Returns: The maximal degree/depth of elements of g.

This function returns the maximal degree/depth of elements of g; see Degree (5.2-9) and Depth (5.2-11).

gap> G := FRGroup("a=(1,2)","b=<a,b>","c=<c,b>");
<self-similar group over [ 1 .. 2 ] with 2 generators>
gap> Degree(Group(G.1)); Degree(Group(G.1,G.2)); Degree(G);
0
1
2
gap> Depth(Group(G.1)); Depth(Group(G.1,G.2)); Depth(G);
1
infinity
infinity

7.2-16 HasOpenSetConditionFRSemigroup
‣ HasOpenSetConditionFRSemigroup( g )( property )

Returns: true if g has the open set condition.

This function returns true if all elements of g have the open set condition, see HasOpenSetConditionFRElement (5.2-25).

gap> HasOpenSetConditionFRSemigroup(GrigorchukGroup);
false
gap> HasOpenSetConditionFRSemigroup(BinaryAddingGroup);
true

7.2-17 HasCongruenceProperty
‣ HasCongruenceProperty( G )( property )

Returns: true if G has the congruence property.

This function returns true if the transformation (semi)group G has the congruence property, namely if every homomorphism G-> Q to a finite quotient factors as G-> H-> Q via an action of G on a finite set.

This command is not guaranteed to terminate.

gap> HasCongruenceProperty(GrigorchukGroup);
true
gap> HasCongruenceProperty(GrigorchukTwistedTwin);
...runs forever...

7.2-18 IsContracting
‣ IsContracting( g )( property )

Returns: true if g is a contracting semigroup.

This function returns true if g is a contracting semigroup, i.e. if there exists a finite subset N of g such that the LimitStates (4.2-11) of every element of g belong to N.

The minimal such N can be computed with NucleusOfFRSemigroup (7.2-19).

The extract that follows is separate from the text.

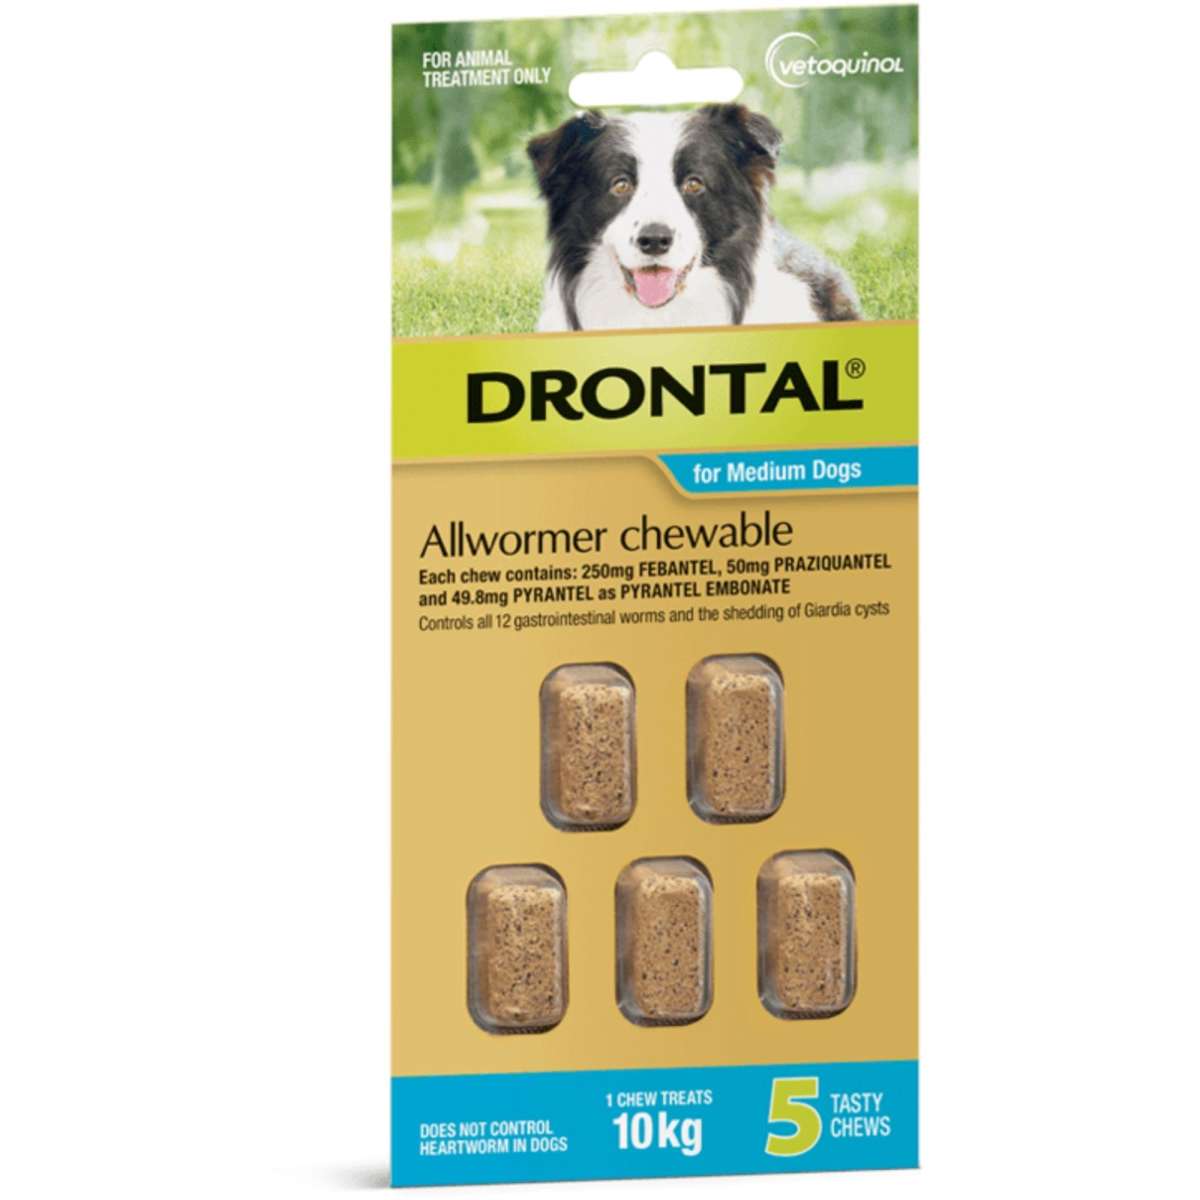 Drontal Allwormer Dogs 10kg x 5 Chews

gap> Dinfinity := FRGroup("a=(1,2)","b=<a,b>");
<self-similar group over [ 1 .. 2 ] with 2 generators>
gap> IsContracting(Dinfinity);
true

7.2-19 NucleusOfFRSemigroup
‣ NucleusOfFRSemigroup( g )( attribute )
‣ Nucleus( g )( operation )

Returns: The nucleus of the contracting semigroup g.

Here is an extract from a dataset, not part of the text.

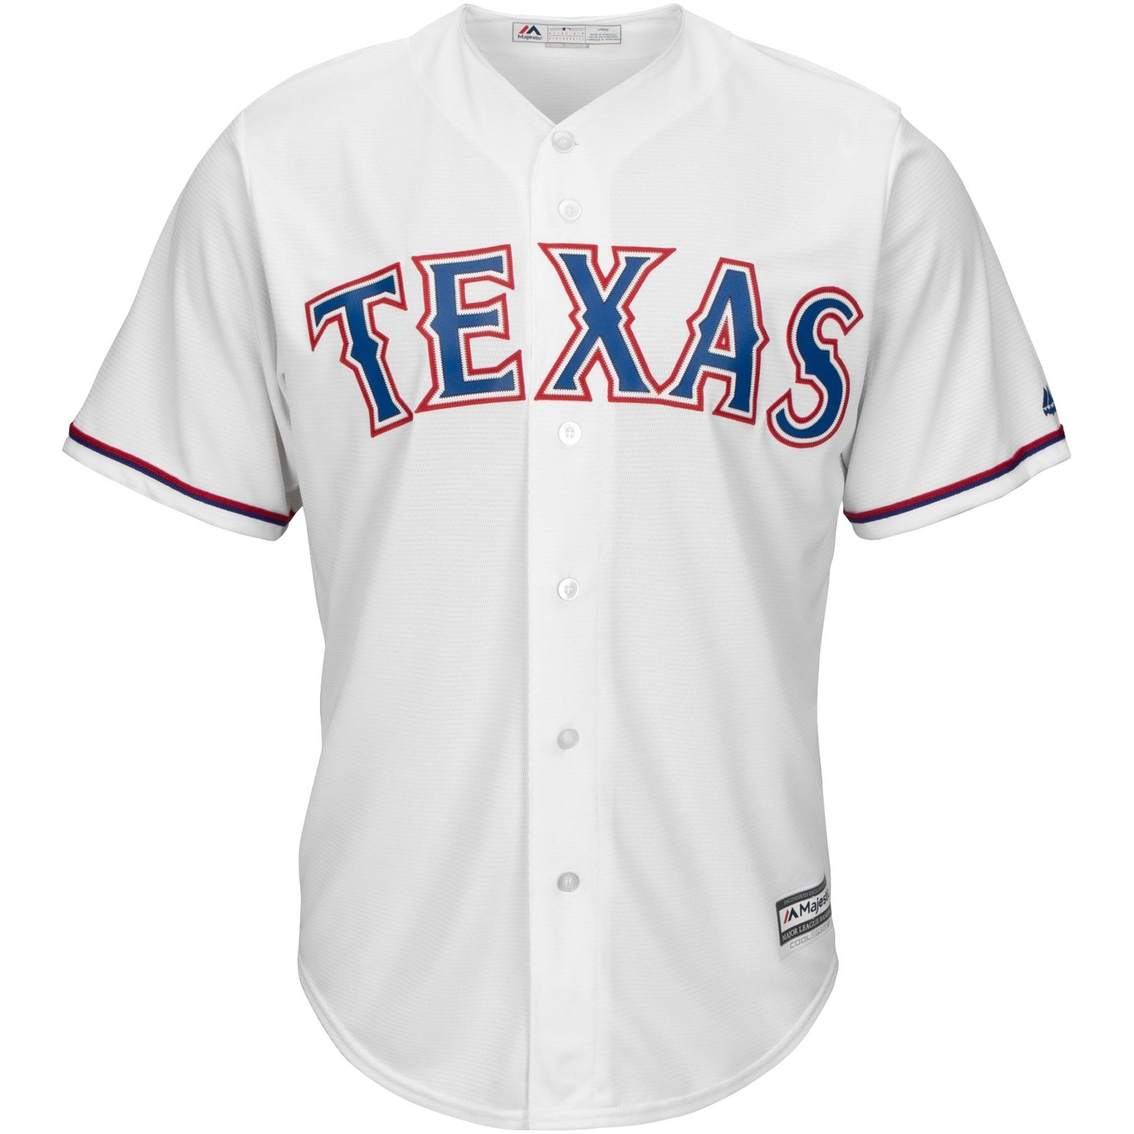 Majestic International Mlb Texas Rangers Home Replica Jersey Shirts ...

This function returns the nucleus of the contracting semigroup g, i.e. the smallest subset N of g such that the LimitStates (4.2-11) of every element of g belong to N.

This function returns fail if no such N exists. Usually, it loops forever without being able to decide whether N is finite or infinite. It succeeds precisely when IsContracting(g) succeeds.

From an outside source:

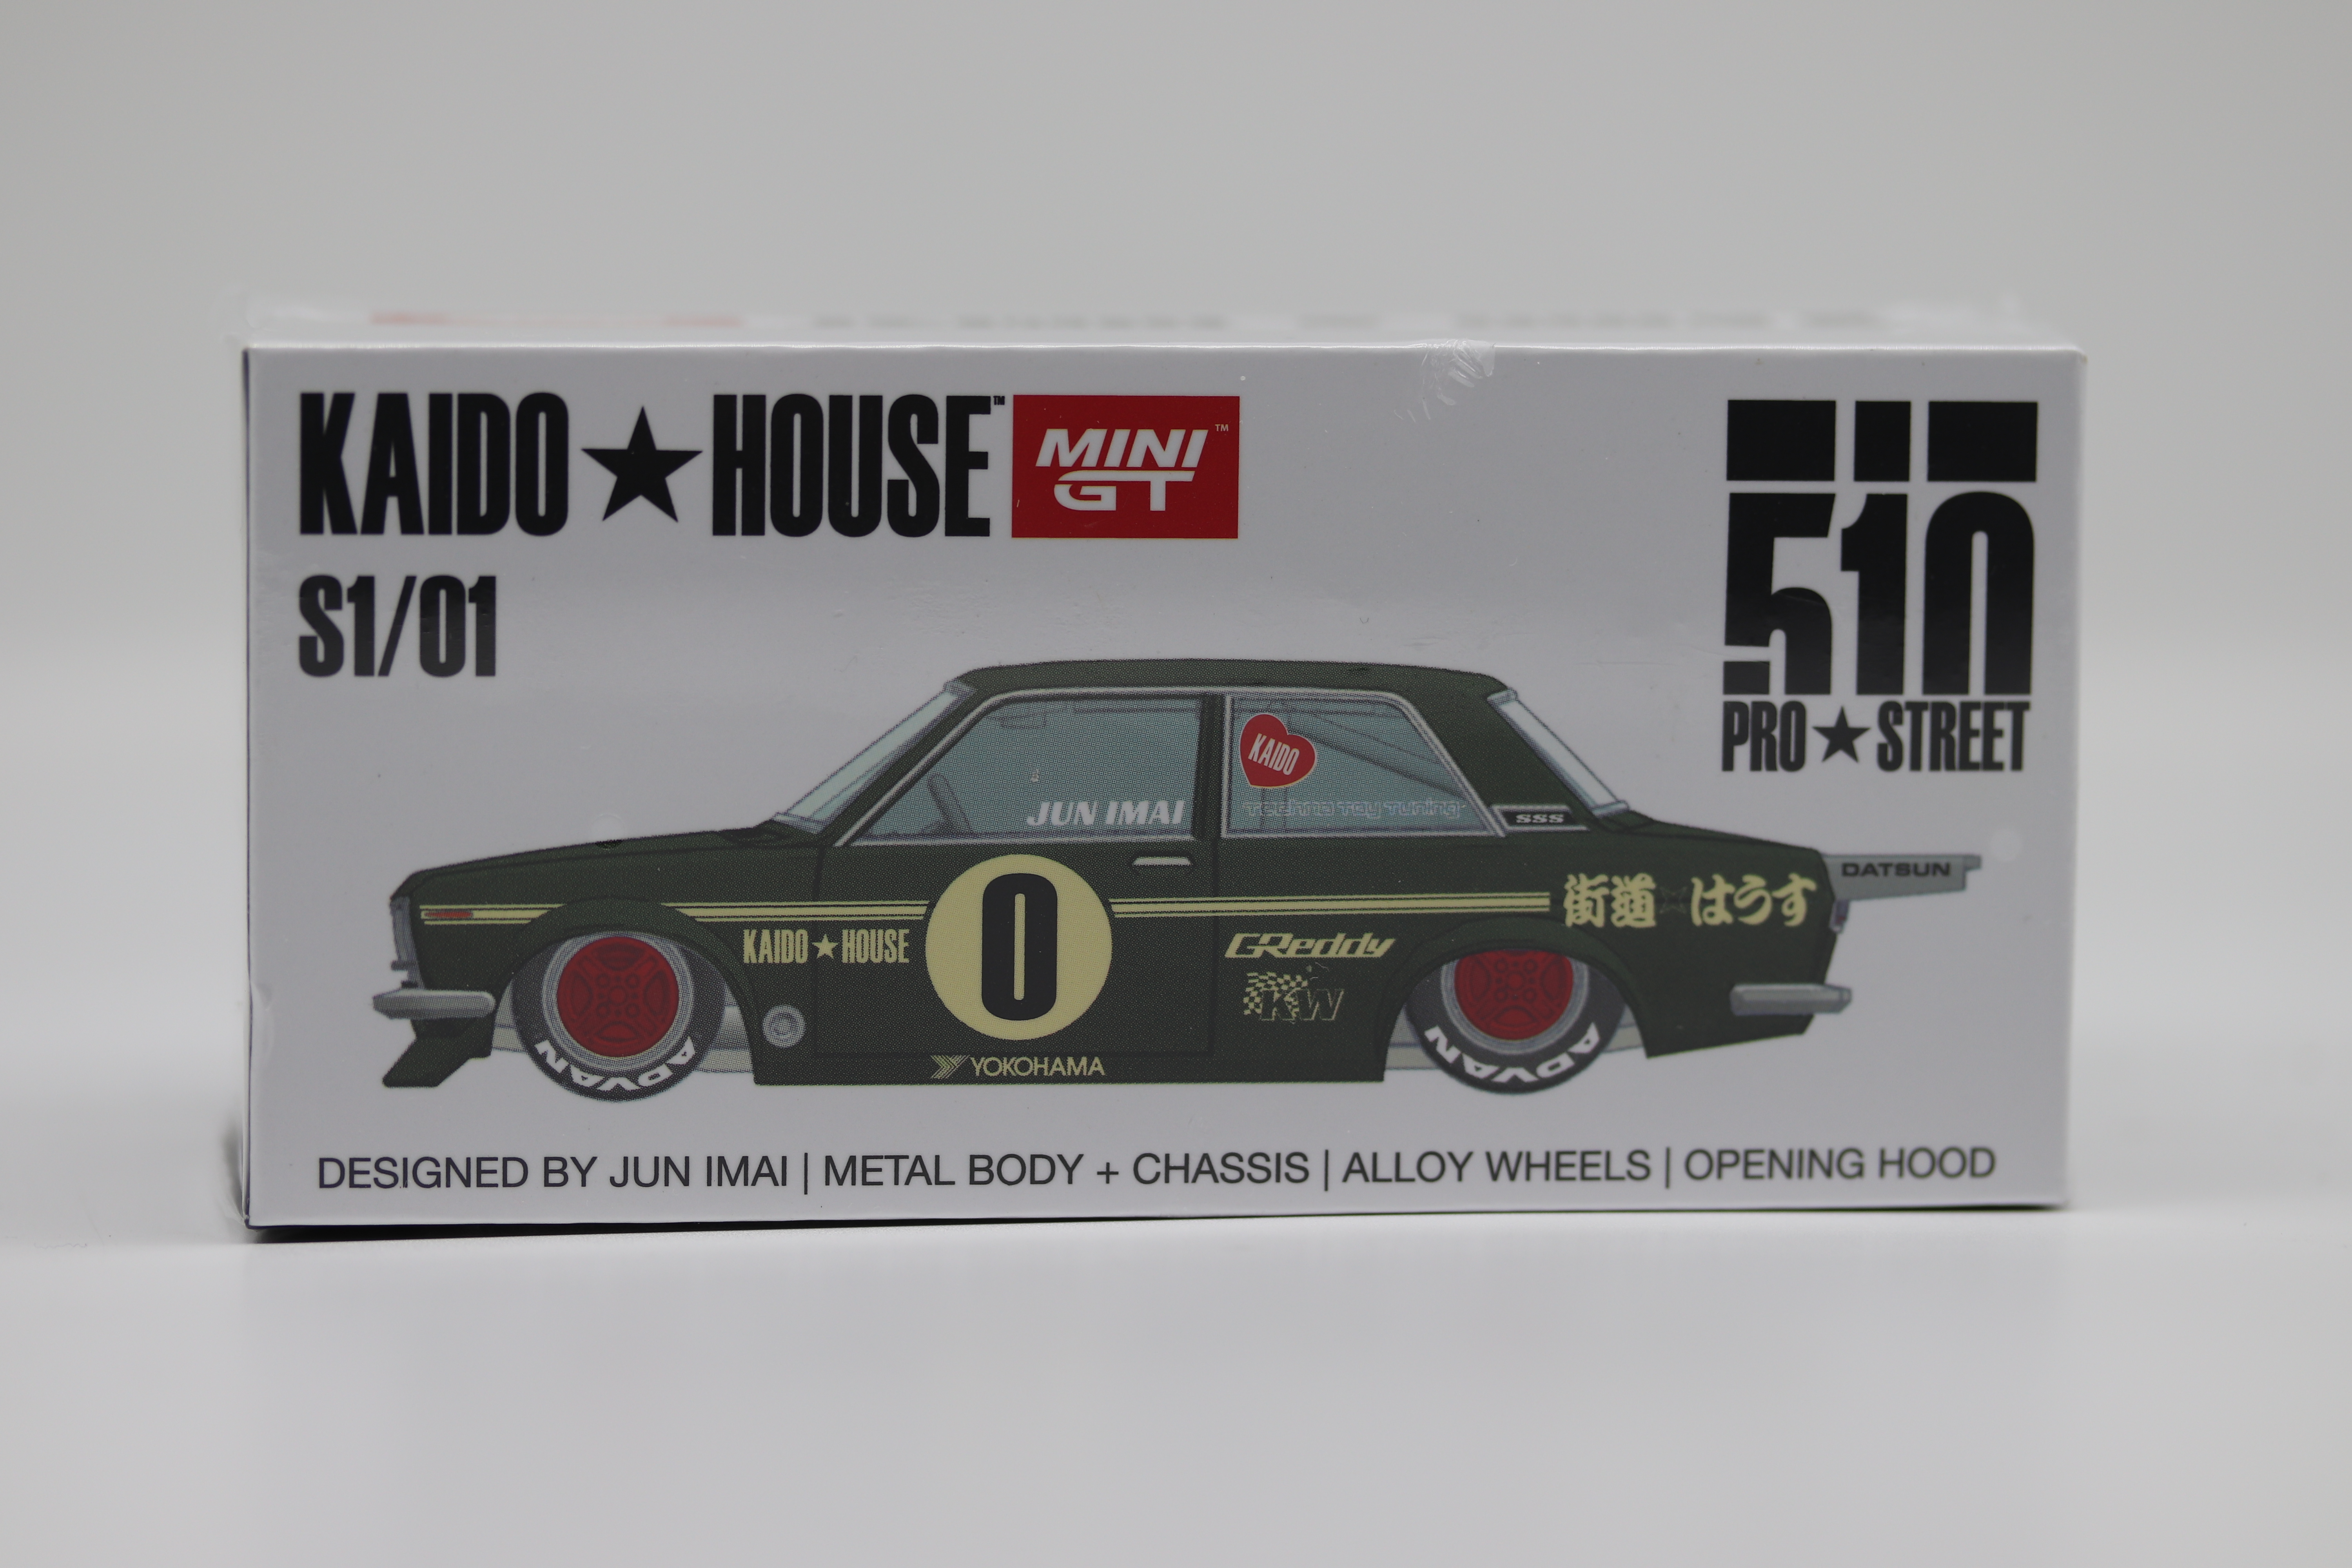 Mini GT x Kaido House 1:64 Datsun 510 Pro Street OG Green

gap> Dinfinity := FRGroup("a=(1,2)","b=<a,b>");
<self-similar group over [ 1 .. 2 ] with 2 generators>
gap> NucleusOfFRSemigroup(Dinfinity);
[ <2|identity ...>, <2|b>, <2|a> ]

7.2-20 NucleusMachine
‣ NucleusMachine( g )( attribute )

Returns: The nucleus machine of the contracting semigroup g.

This function returns the nucleus of the contracting semigroup g, see NucleusOfFRSemigroup (7.2-19), in the form of a Mealy machine.

Since all states of the nucleus are elements of the nucleus, the transition and output function may be restricted to the nucleus, defining a Mealy machine. Finitely generated recurrent groups are generated by their nucleus machine.

This function returns fail if no such n exists. Usually, it loops forever without being able to decide whether n is finite or infinite. It succeeds precisely when IsContracting(g) succeeds.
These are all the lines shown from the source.